12.3 More than one type of cluster

12.3.1. Multilevel chimpanzees

library(rethinking)
data(chimpanzees)
d <- chimpanzees
d$recipient <- NULL

m12.4 <- map2stan(
    alist(
        pulled_left ~ dbinom(1,p),
        logit(p) <- a + a_actor[actor] + (bp + bpC*condition)*prosoc_left,
        a_actor[actor] ~ dnorm(0, sigma_actor),
        a ~ dnorm(0,10),
        bp~ dnorm(0,10),
        bpC ~ dnorm(0,10),
        sigma_actor ~ dcauchy(0,1)
    ), data=d, warmup=1000, iter=5000, chains=4, cores=4)

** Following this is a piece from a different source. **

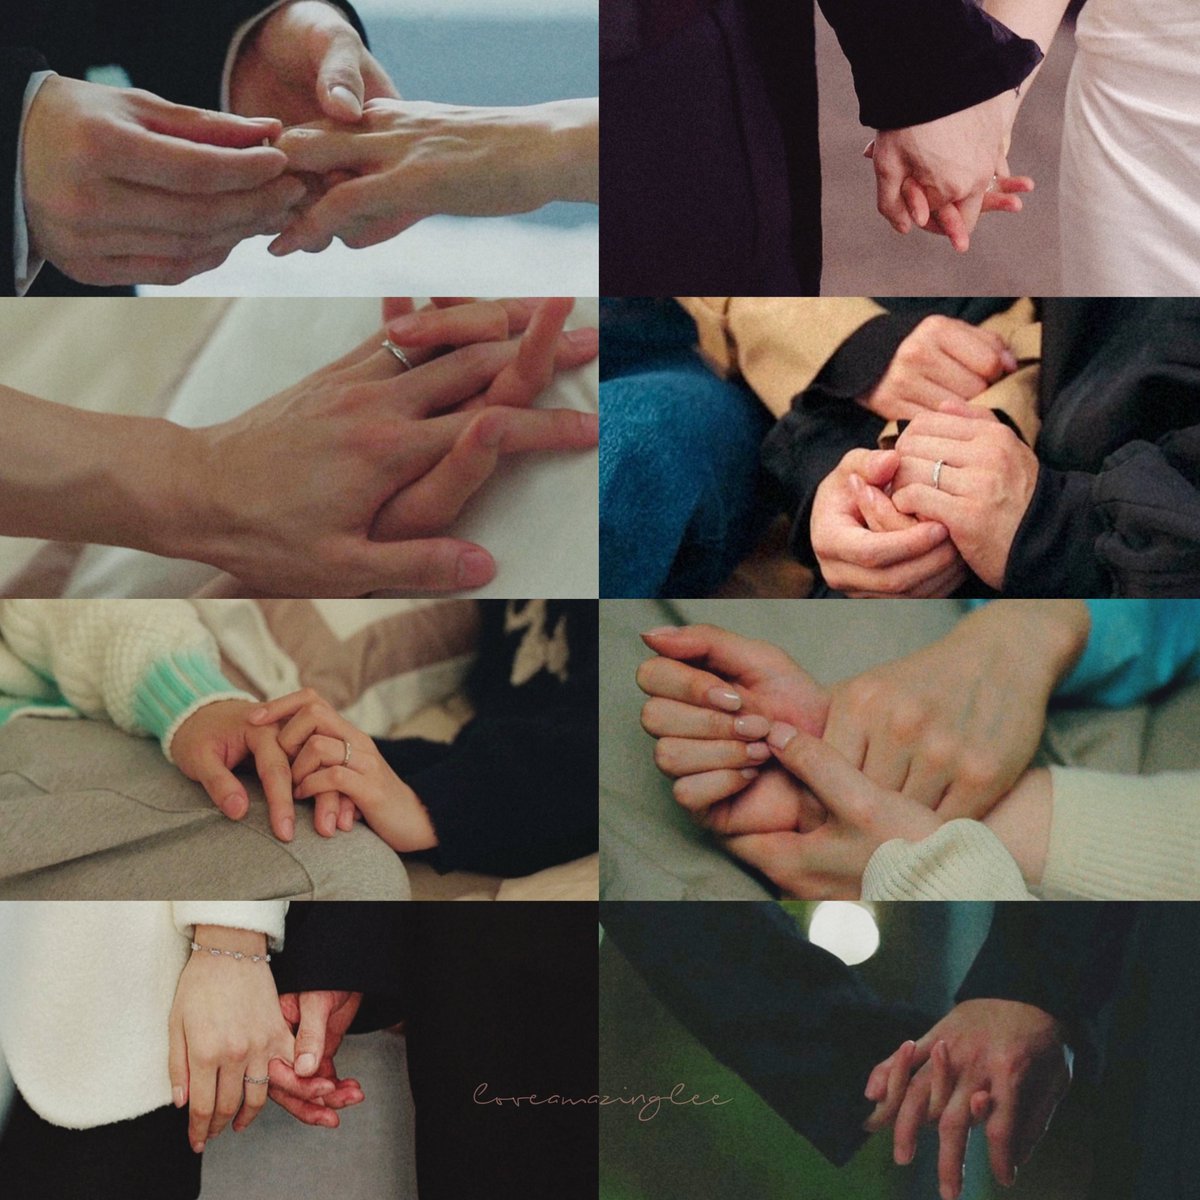 The best hand chemistry goes to
#MyDemon

post <- extract.samples(m12.4)
total_a_actor <- sapply(1:7, function(actor) post$a + post$a_actor[,actor])
round(apply(total_a_actor, 2, mean), 2)
plot(m12.4)

12.3.2. Two types of cluster

d$block_id <- d$block #block name is reserved by stan

m12.5 <- map2stan(
    alist(
        pulled_left ~ dbinom(1,p),
        logit(p) <- a + a_actor[actor] + a_block[block_id] +
            (bp + bpc*condition) * prosoc_left,
        a_actor[actor] ~ dnorm(0, sigma_actor),
        a_block[block_id] ~ dnorm(0, sigma_block),
        c(a, bp, bpc) ~ dnorm(0, 10),
        sigma_actor ~ dcauchy(0,1),
        sigma_block ~ dcauchy(0,1)
    ), data=d, warmup=1000, iter=6000, chains=4, cores=4)

precis(m12.5, depth=2)
plot(precis(m12.5, depth=2))
post <- extract.samples(m12.5)
dens(post$sigma_block, xlab="sigma", xlim=c(0,4))
dens(post$sigma_actor, col=rangi2, lwd=2, add=TRUE)
text(2, 0.85, "actor", col=rangi2)
text(0.75, 2, "block")

12.4 Multilevel posterior predictions

12.4.1. Posterior predictions for same clusters

chimp <- 2
d.pred <- list(
    prosoc_left = c(0,1,0,1), #right/left/right/left
    condition = c(0,0,1,1),
    actor = rep(chimp,4)
)

link.m12.4 <- link(m12.4, data=d.pred)
pred.p <- apply(link.m12.4, 2, mean)
pred.p.PI <- apply(link.m12.4, 2, PI)
p.link <- function(prosoc_left, condition, actor){
    logodds <- with(post, a + a_actor[,actor] + (bp + bpc * condition)
                    * prosoc_left)
    return(logistic(logodds))
}

prosoc_left <- c(0,1,0,1)
condition <- c(0,0,1,1)
pred.raw <- sapply(1:4, function(i) p.link(prosoc_left[i], condition[i],2))
pred.p <- apply(pred.raw, 2, mean)
pred.p.PI <- apply(pred.raw, 2, PI)

12.4.2. Posterior prediction for new clusters

d.pred <- list(
    prosoc_left = c(0,1,0,1),
    condition = c(0,0,1,1),
    actor = rep(2,4))

                                        # replace varying intercept samples with zeros
                                        # 1000 samples by 7 actors
a_actor_zeros <- matrix(0,1000,7)

                                        #fire up link
                                        # note use of replace list
link.m12.4 <- link(m12.4, n=1000, data=d.pred,
                   replace=list(a_actor=a_actor_zeros))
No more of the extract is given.